Open matthuszagh opened 1 year ago
It turns out this is a limitation of Tesseract's PDF renderer rather than Tesseract OCR's engine, which makes it tractable.
There are commonly technical reference books that have inset data tabulations as a rotated landscape page on Letter layout i.e. the chapter title at top and page numbering at bottom are normal orientation but the content of the page (like a wide spreadsheet) has been rotated 90° to better fit the page. If you --rotate-pages
then sure yeah the content of that data tabulation gets rotated and OCR'ed but then the whole page is rotated in the output which doesn't match the rest of the document and the chapter title + page numbering get a wrong recognition as garbage text. The reverse is also true if you don't rotate then the data table gets a garbage recognition but it stays oriented correctly compared to the rest of the pages for that book and the chapter title + page number are recognized correctly.

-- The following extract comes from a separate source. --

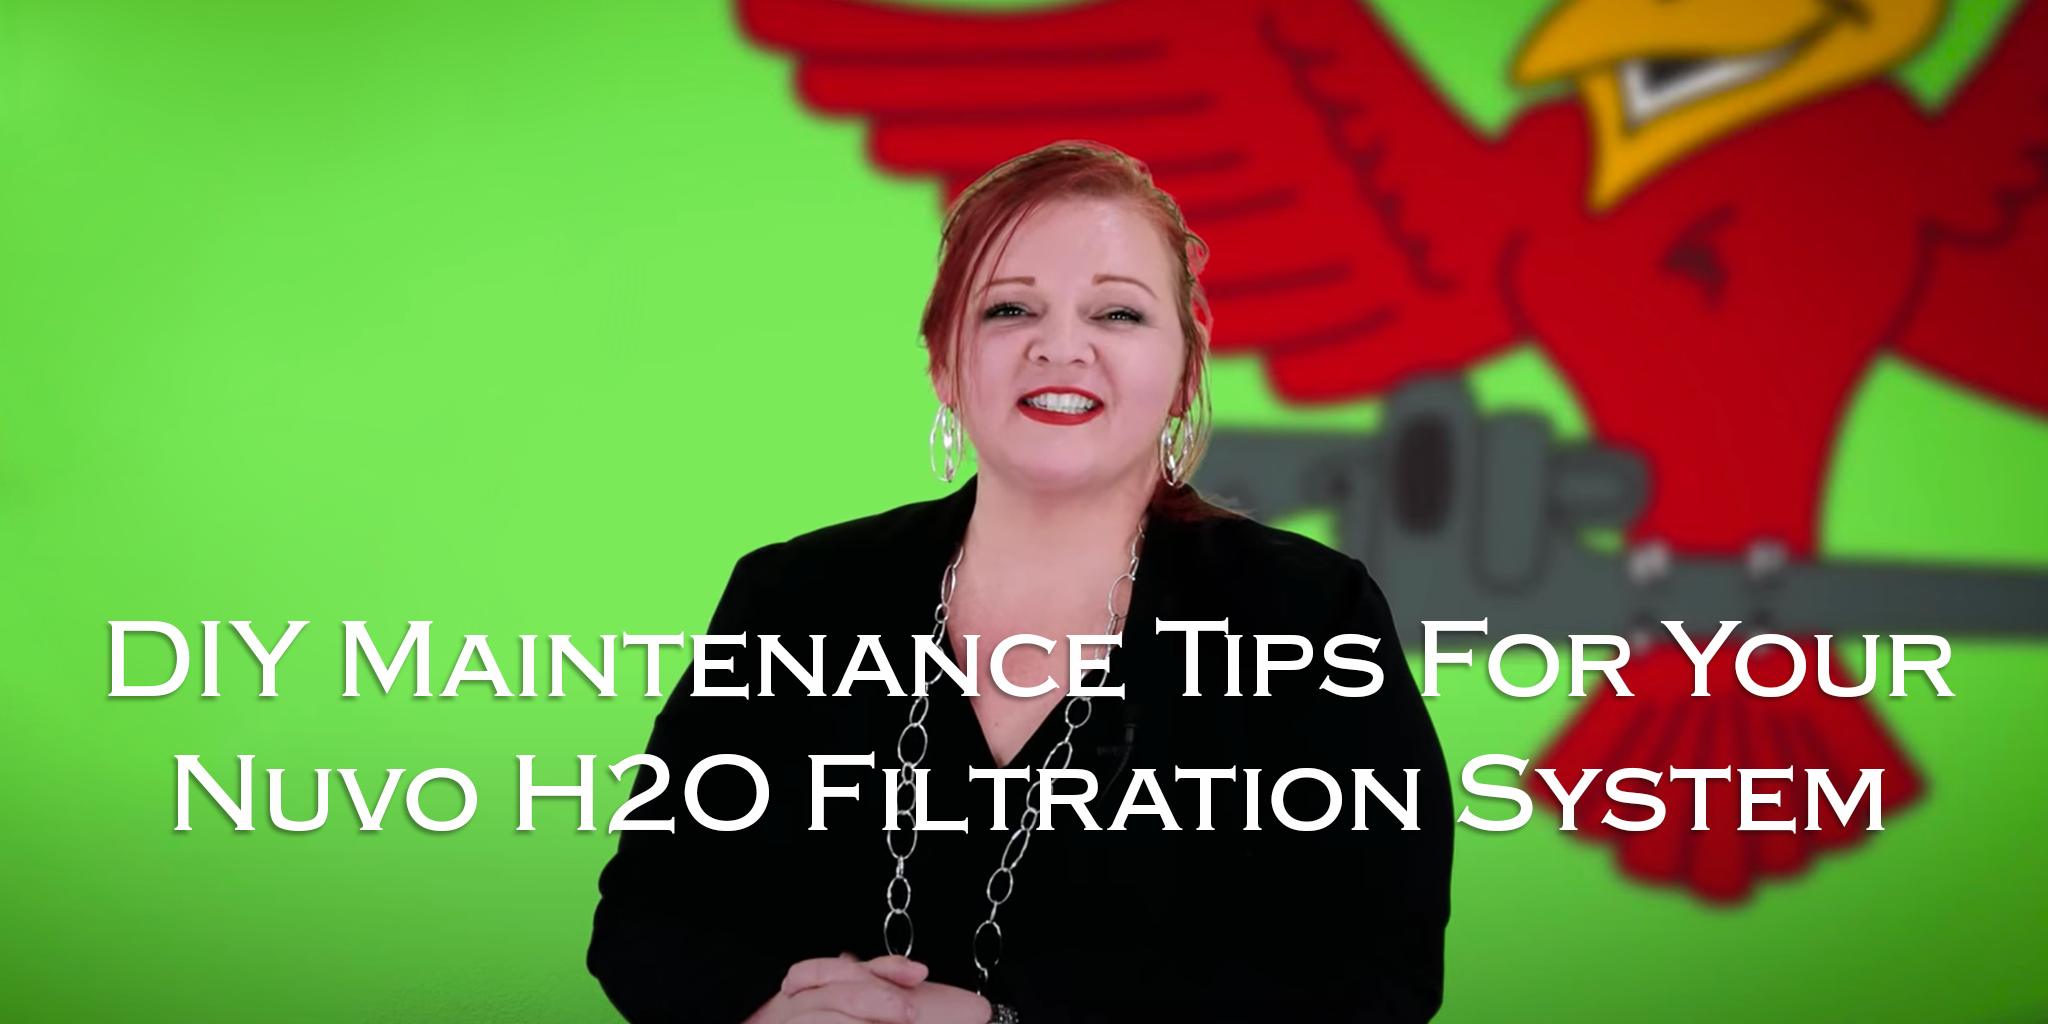 DIY-maintenance-tips-for-your-nuvo-h2o-filtration-system

How is this supposed to be interacted with in PDF workflow?
Describe the proposed feature
It would be useful to be able to perform OCR on pages with multiple text rotations and have the OCR apply to each rotated portion correctly. Is this something that is currently possible, or may be possible in the future? I expect this would require running tesseract once each for 0, 90, 180, and 270deg rotation, using only the text portions for that rotation (is that possible?), and then stitching together the results.